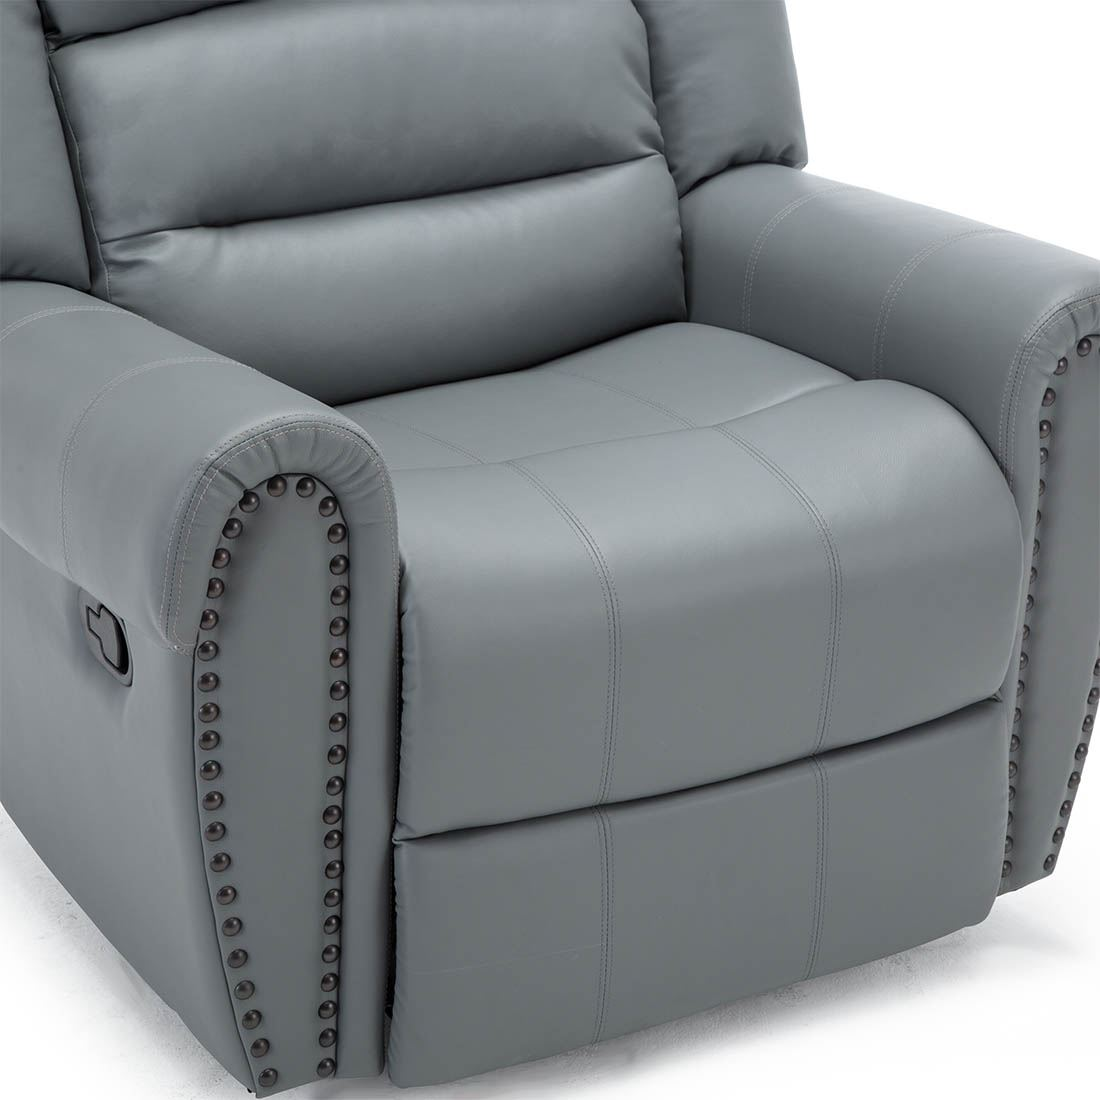 Denver Recliner Sofa: DENVER BONDED LEATHER RECLINER ARMCHAIR STUD SOFA HOME
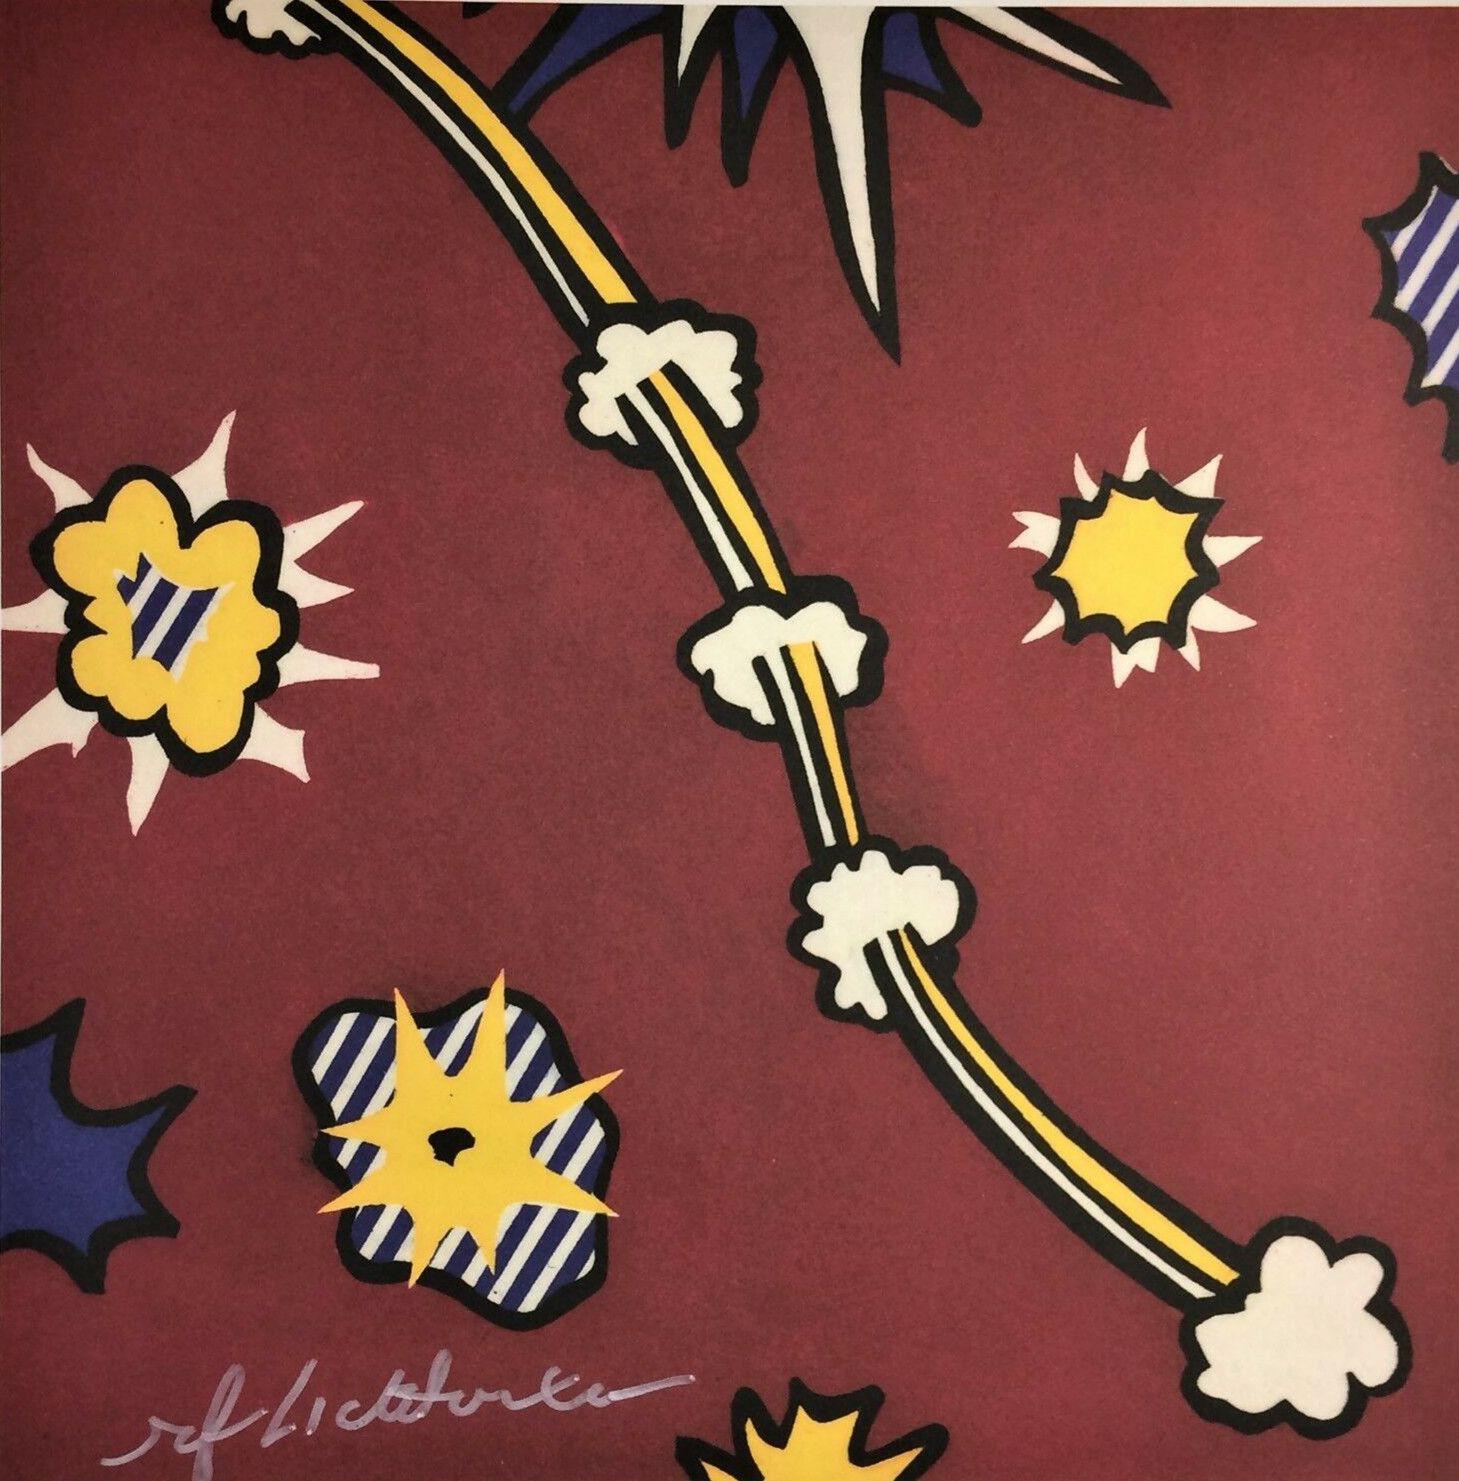 Roy Lichtenstein WHAAM Home Decor Artisanats / HD huile d'impression Peinture Sur Toile Art mur toile Photos 7524
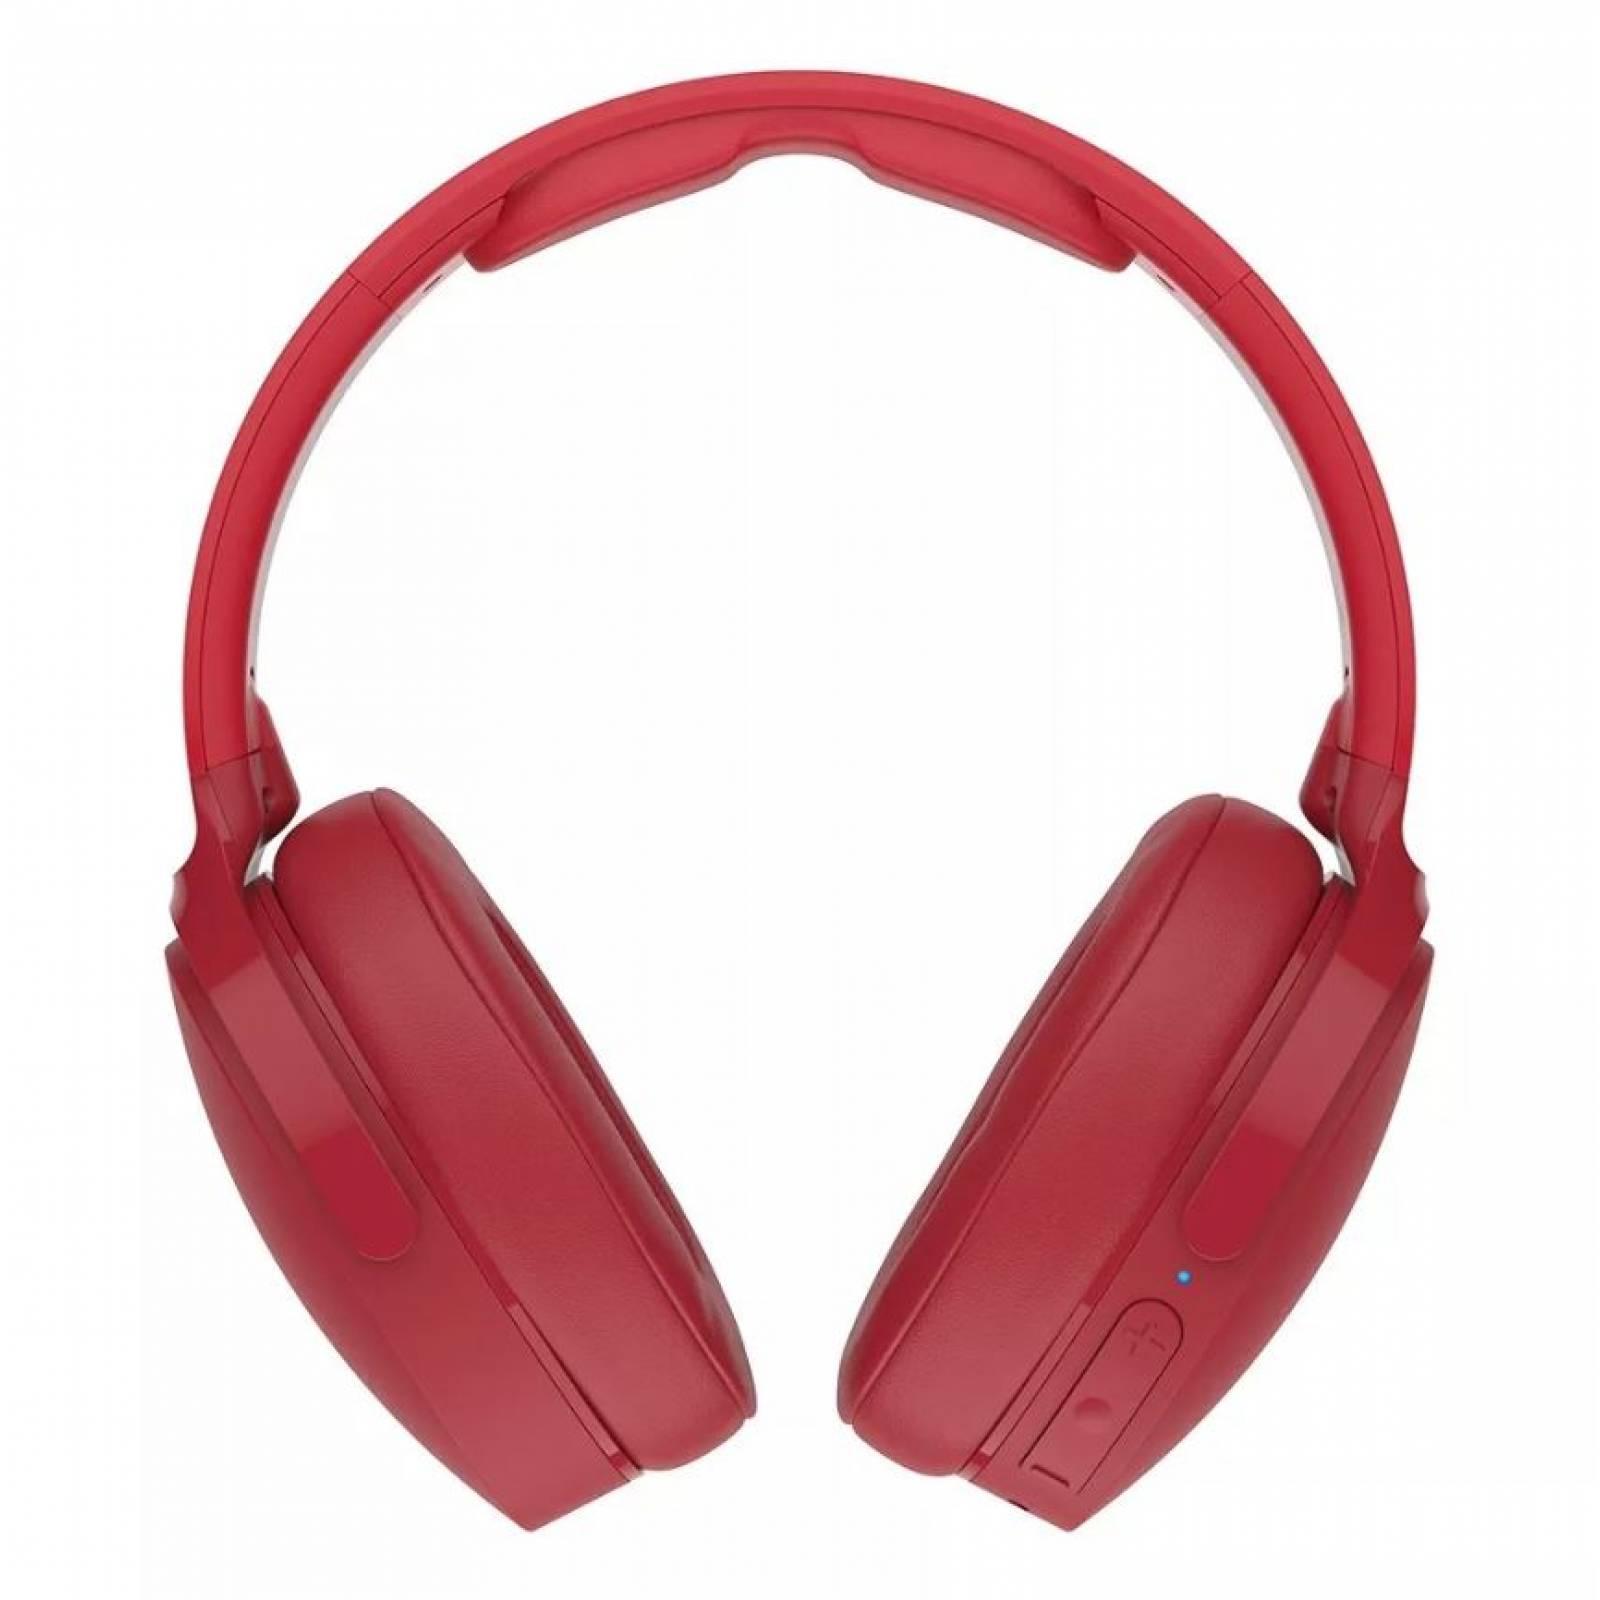 Audifonos Skullcandy HESH 3 Rojo S6HTW-K613

What to produce ▸
The data above must be reproduced exactly, without any of its pictures.

Response below ▸
 Denver Recliner Sofa: DENVER BONDED LEATHER RECLINER ARMCHAIR STUD SOFA HOME
 Roy Lichtenstein WHAAM Home Decor Artisanats / HD huile d'impression Peinture Sur Toile Art mur toile Photos 7524
 Audifonos Skullcandy HESH 3 Rojo S6HTW-K613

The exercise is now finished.